Action item ▸ All of the data should be reproduced word for word, though its pictures must be omitted.

Data extract ▸
*** Begin section ***
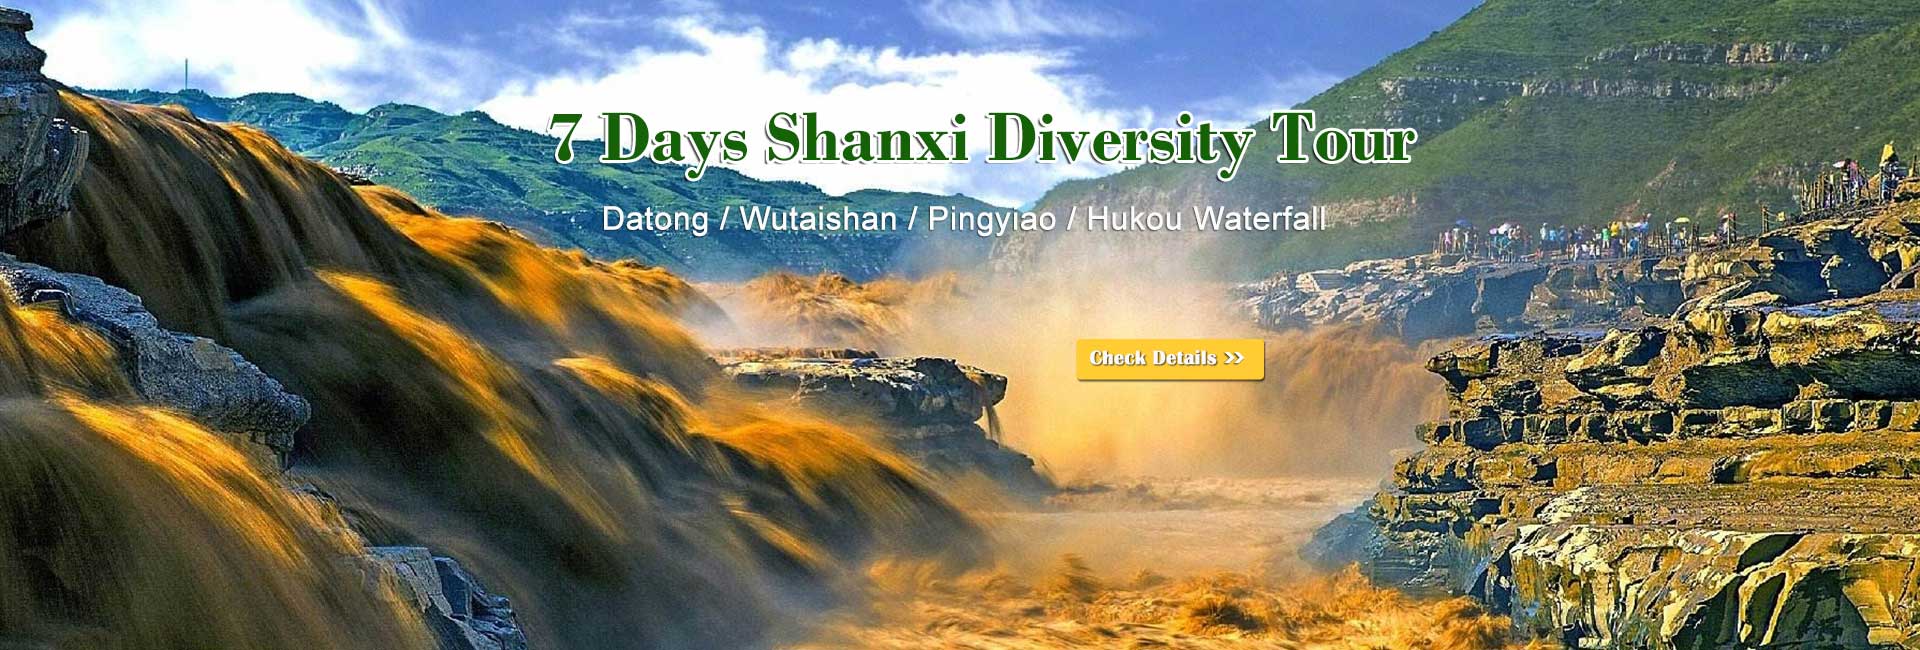 Shanxi Tours 
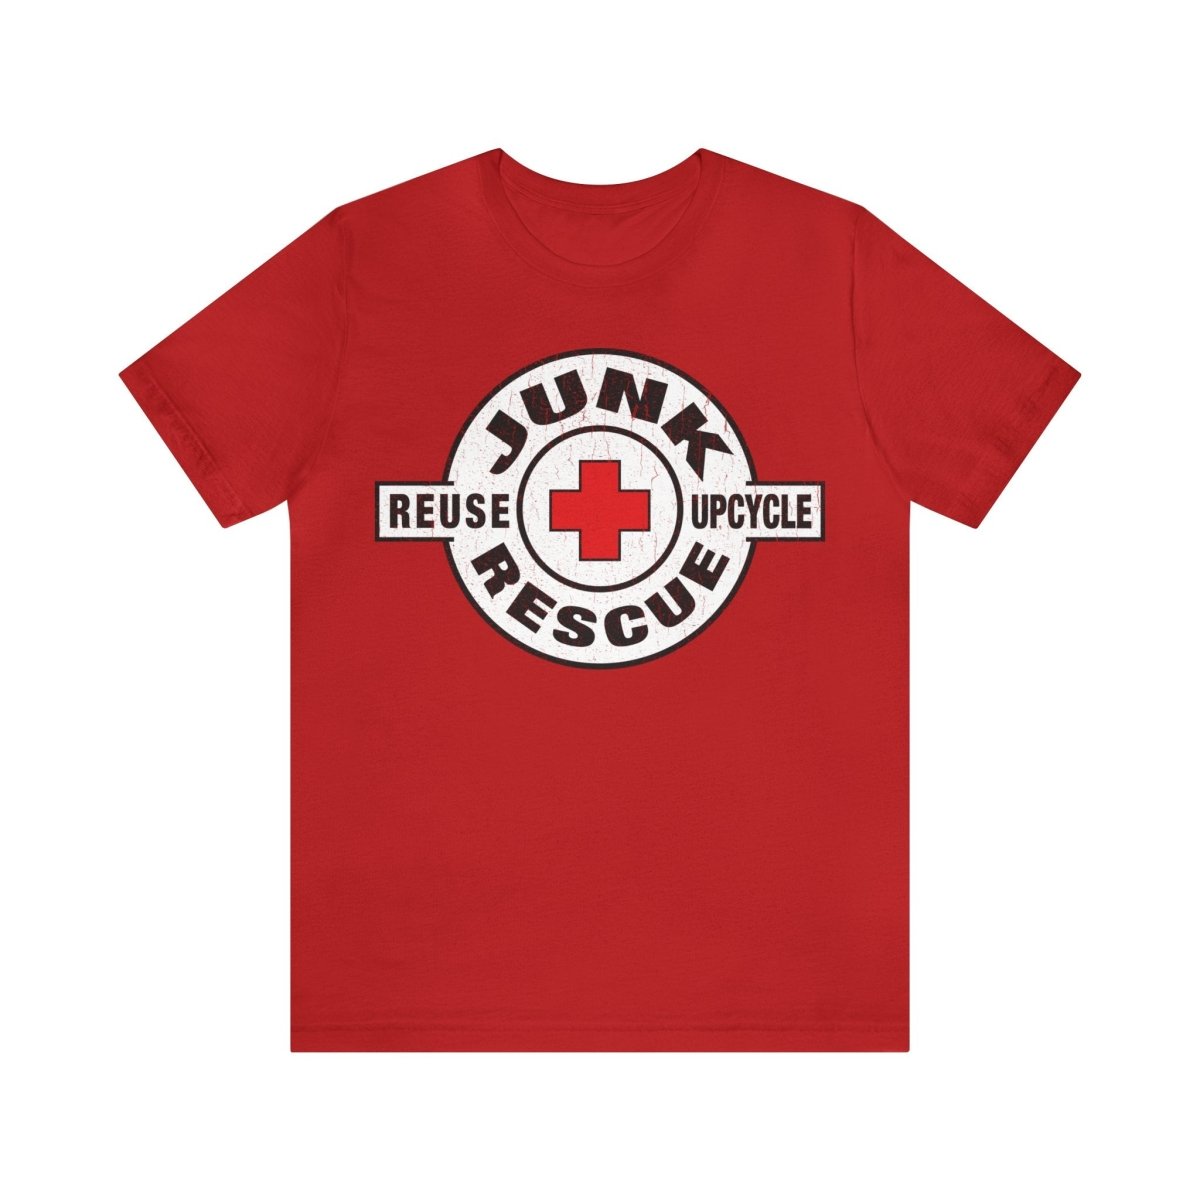 Junk Rescuer Premium T-Shirt, Junkin' Genius, Reuse, Upcycle, Self Reliance, Home Made, Garage Sales, Flea Markets, Antiques
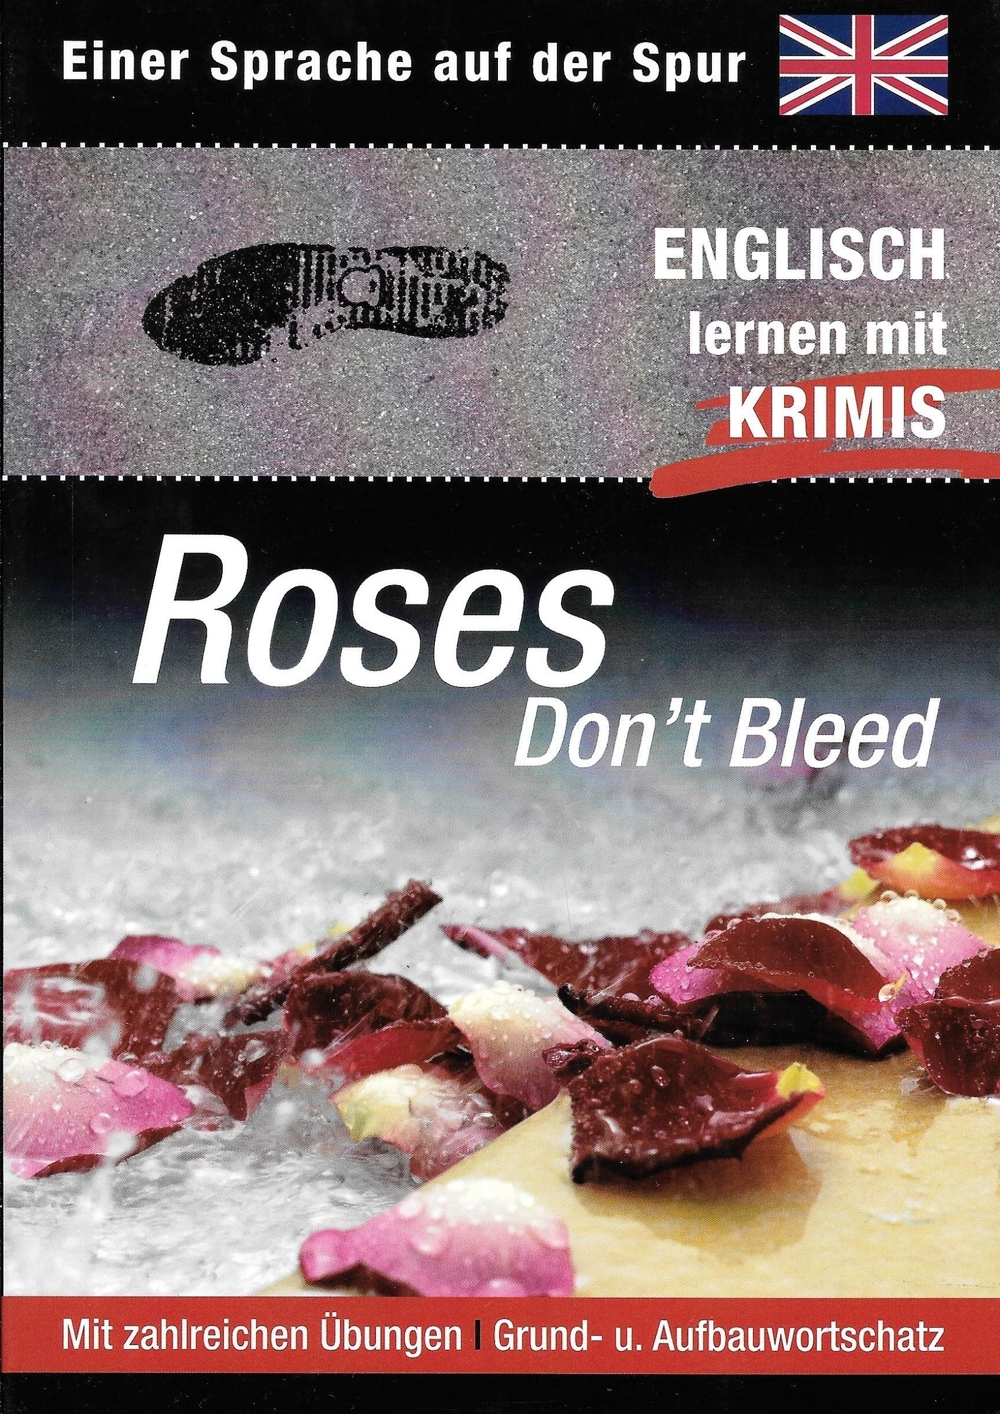 Englisch-Lern-Buch "Roses don`t bleed"
*** End section ***
Solution for this problem ▸
 Shanxi Tours 
 Junk Rescuer Premium T-Shirt, Junkin' Genius, Reuse, Upcycle, Self Reliance, Home Made, Garage Sales, Flea Markets, Antiques
 Englisch-Lern-Buch "Roses don`t bleed"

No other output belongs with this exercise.